**WORK ORDER**
The data must be reproduced verbatim; images are to be omitted.

**GIVEN DATA**

⟨

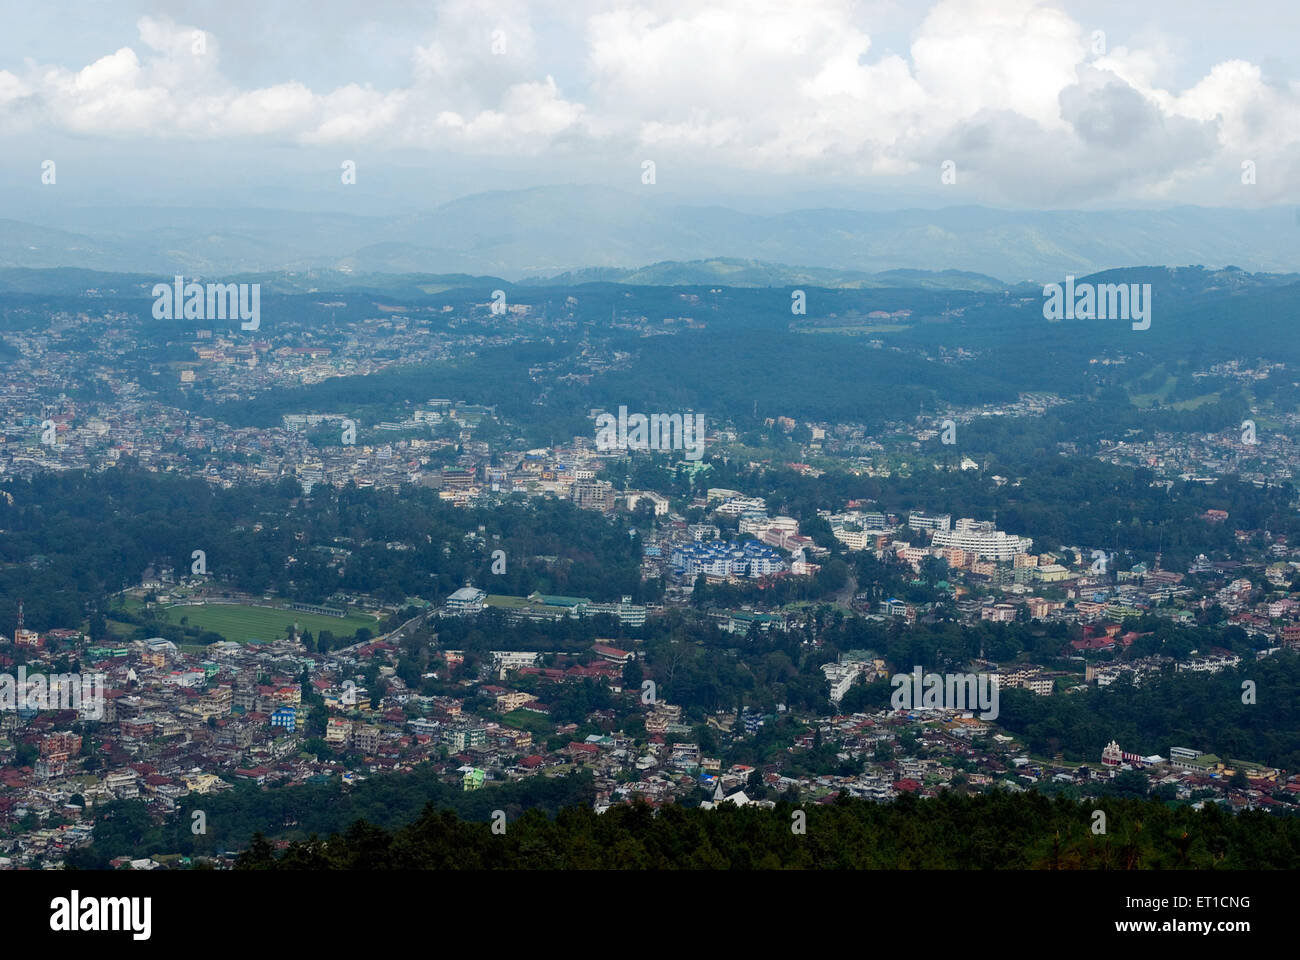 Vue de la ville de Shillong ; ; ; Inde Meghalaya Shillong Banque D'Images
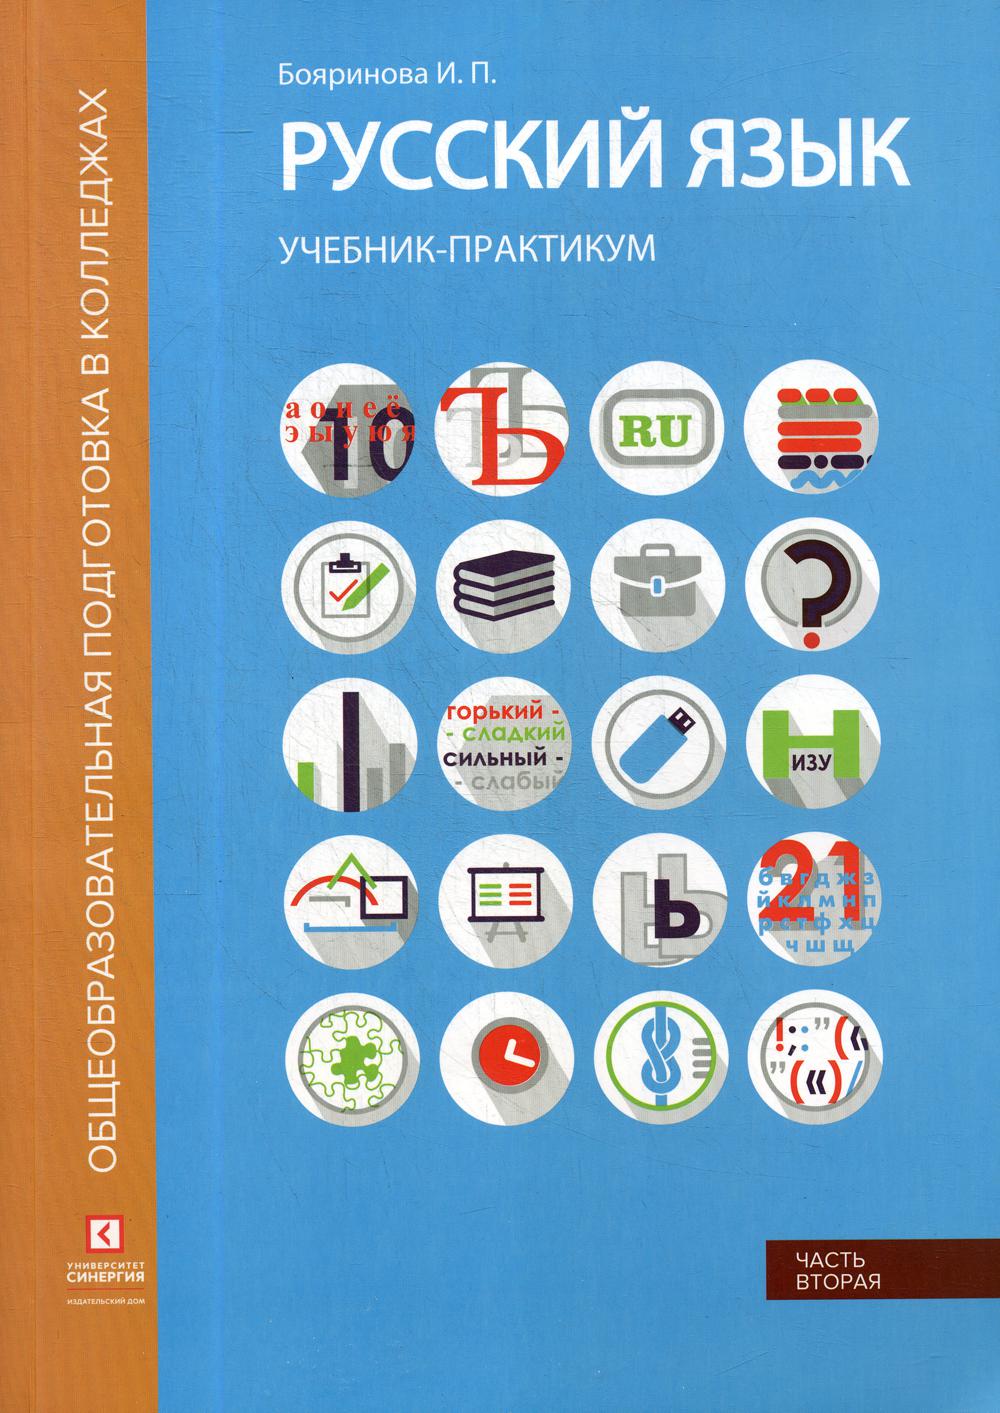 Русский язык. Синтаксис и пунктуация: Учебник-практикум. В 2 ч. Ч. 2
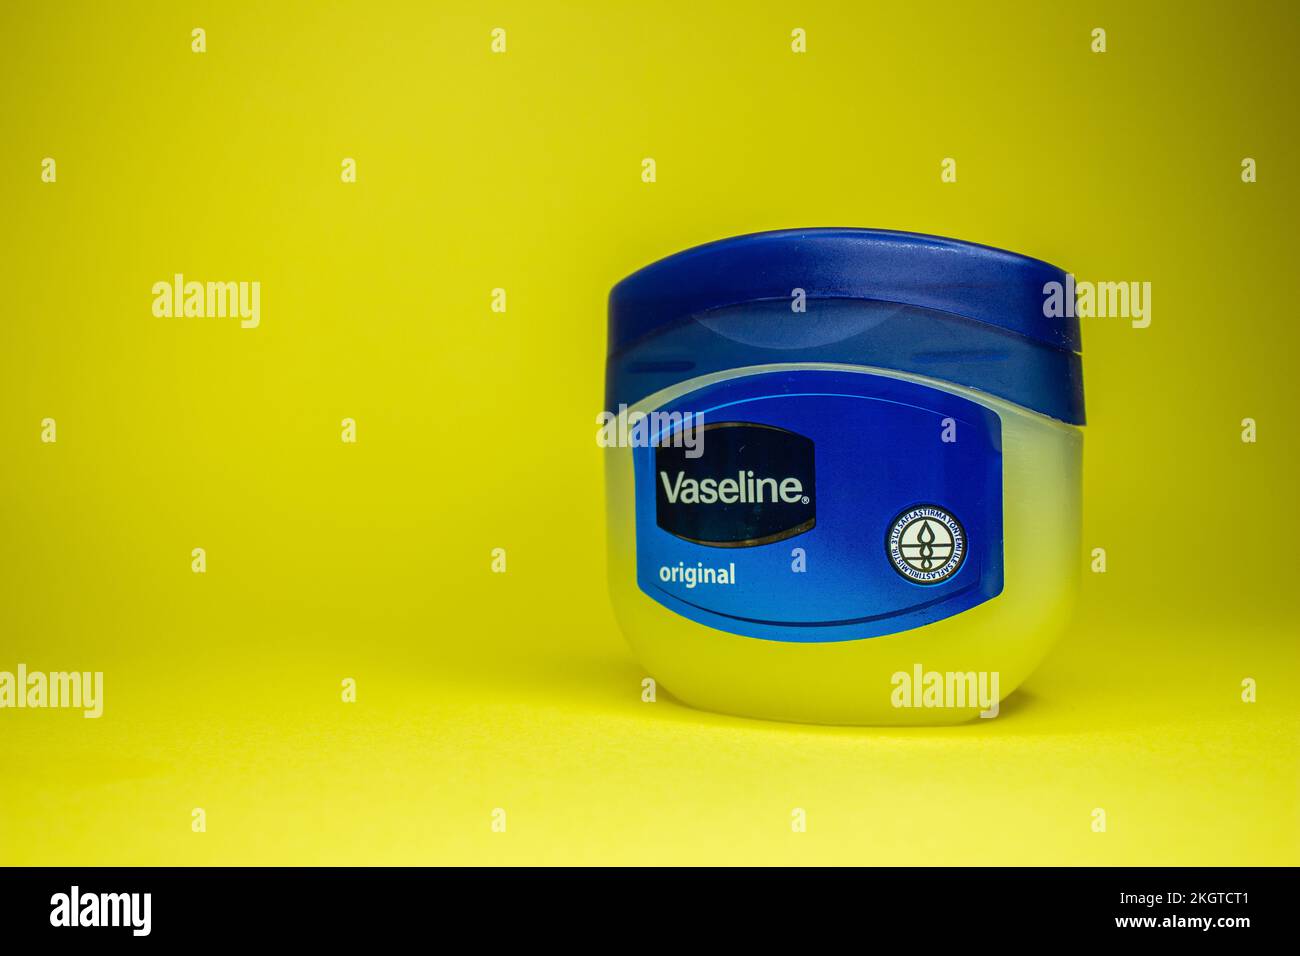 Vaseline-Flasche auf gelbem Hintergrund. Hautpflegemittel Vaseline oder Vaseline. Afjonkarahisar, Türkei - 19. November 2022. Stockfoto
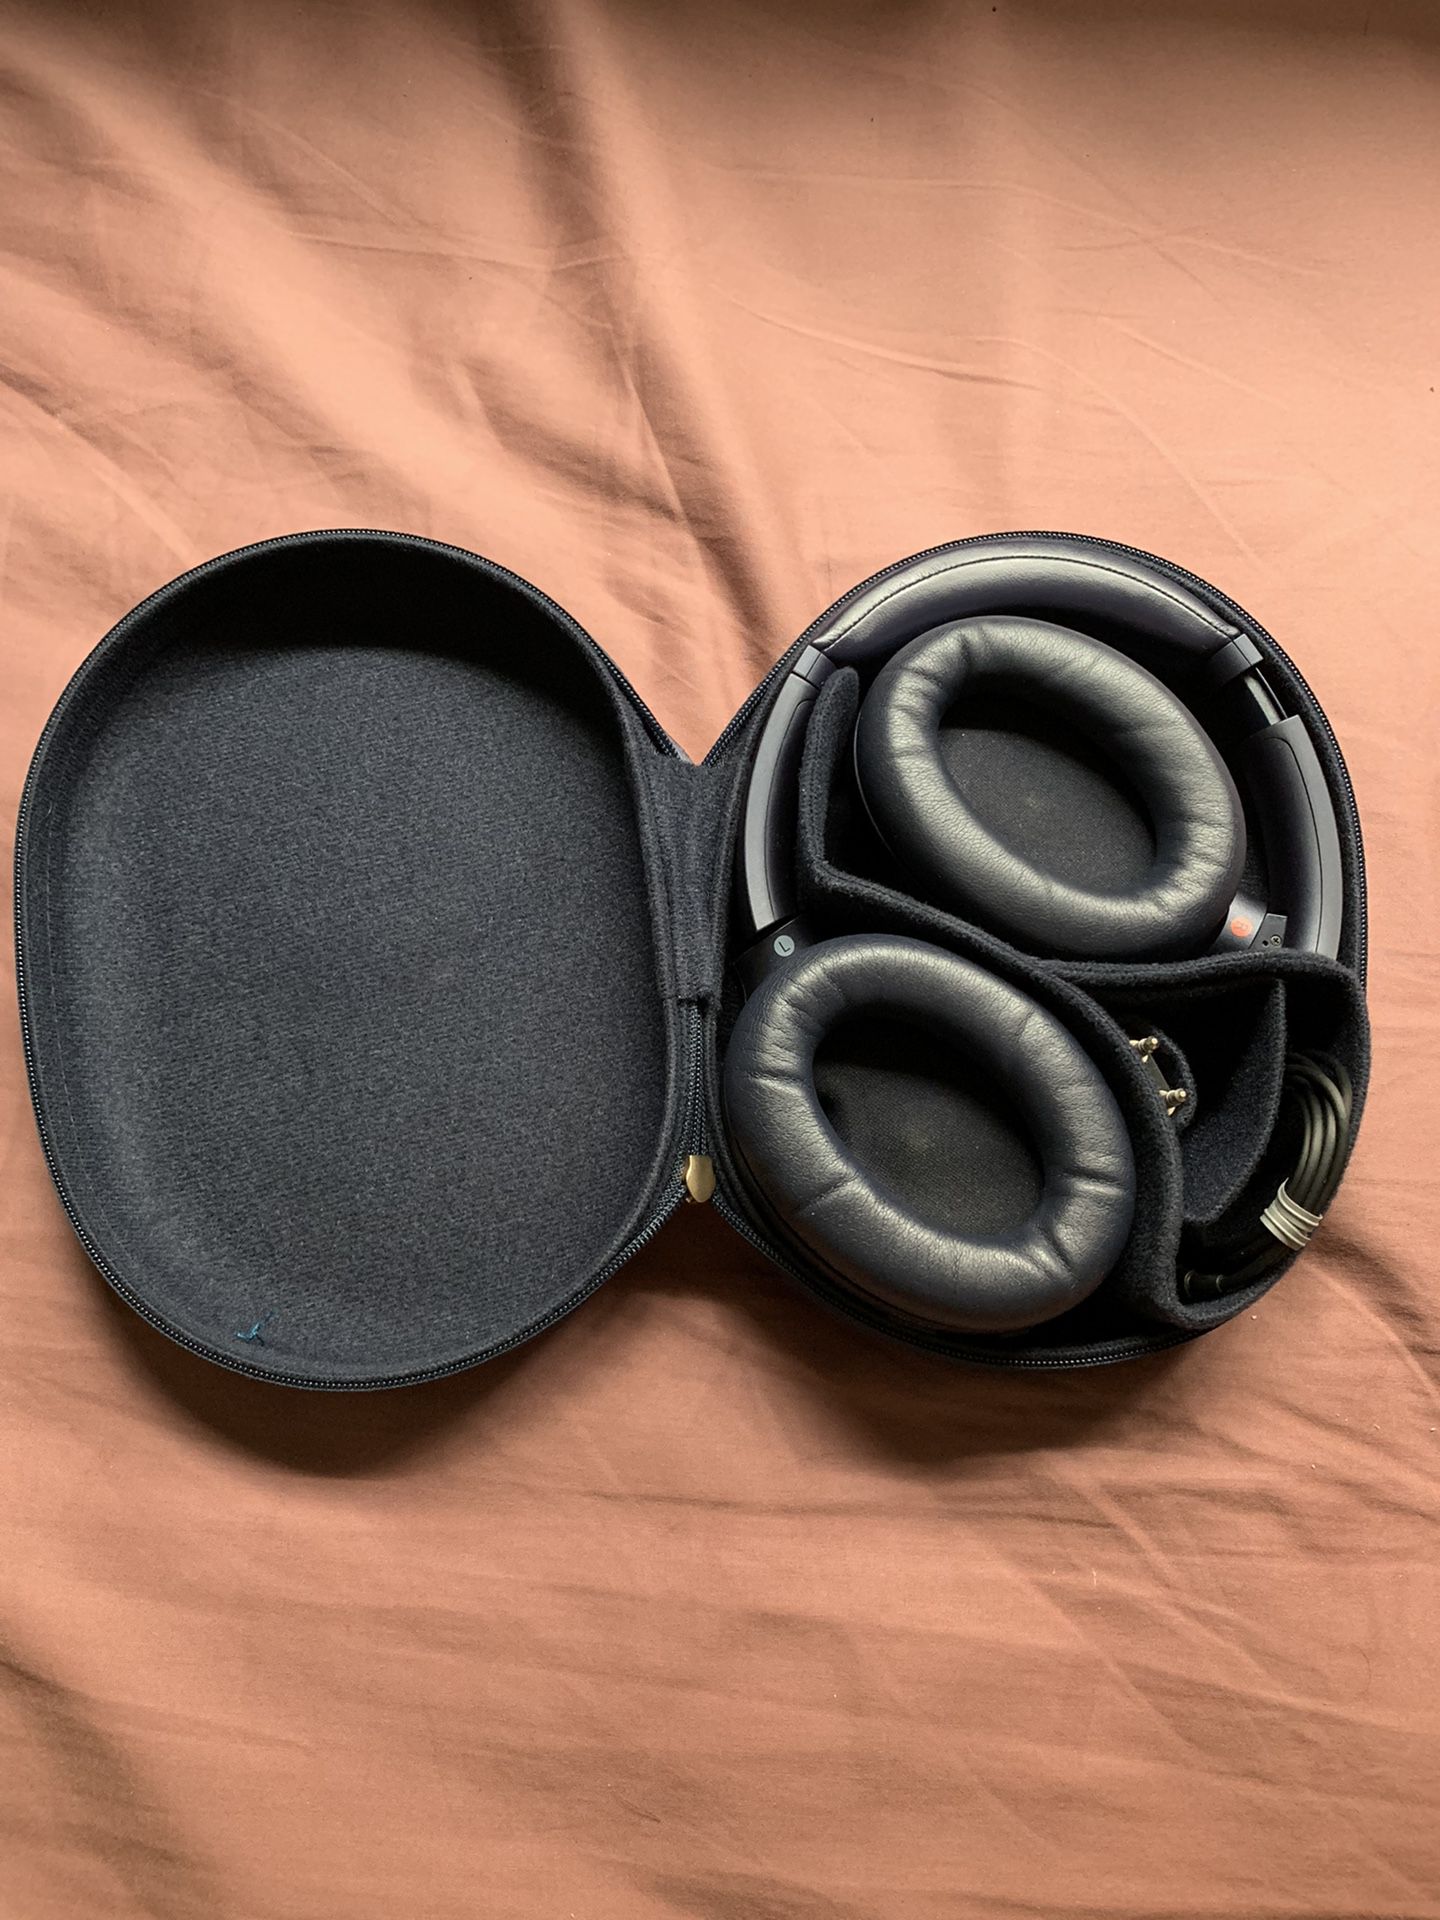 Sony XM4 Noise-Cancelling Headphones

⟩

**SOLUTION TO THE EXERCISE**
 Vue de la ville de Shillong ; ; ; Inde Meghalaya Shillong Banque D'Images
 Русский язык. Синтаксис и пунктуация: Учебник-практикум. В 2 ч. Ч. 2
 Vaseline-Flasche auf gelbem Hintergrund. Hautpflegemittel Vaseline oder Vaseline. Afjonkarahisar, Türkei - 19. November 2022. Stockfoto
 Sony XM4 Noise-Cancelling Headphones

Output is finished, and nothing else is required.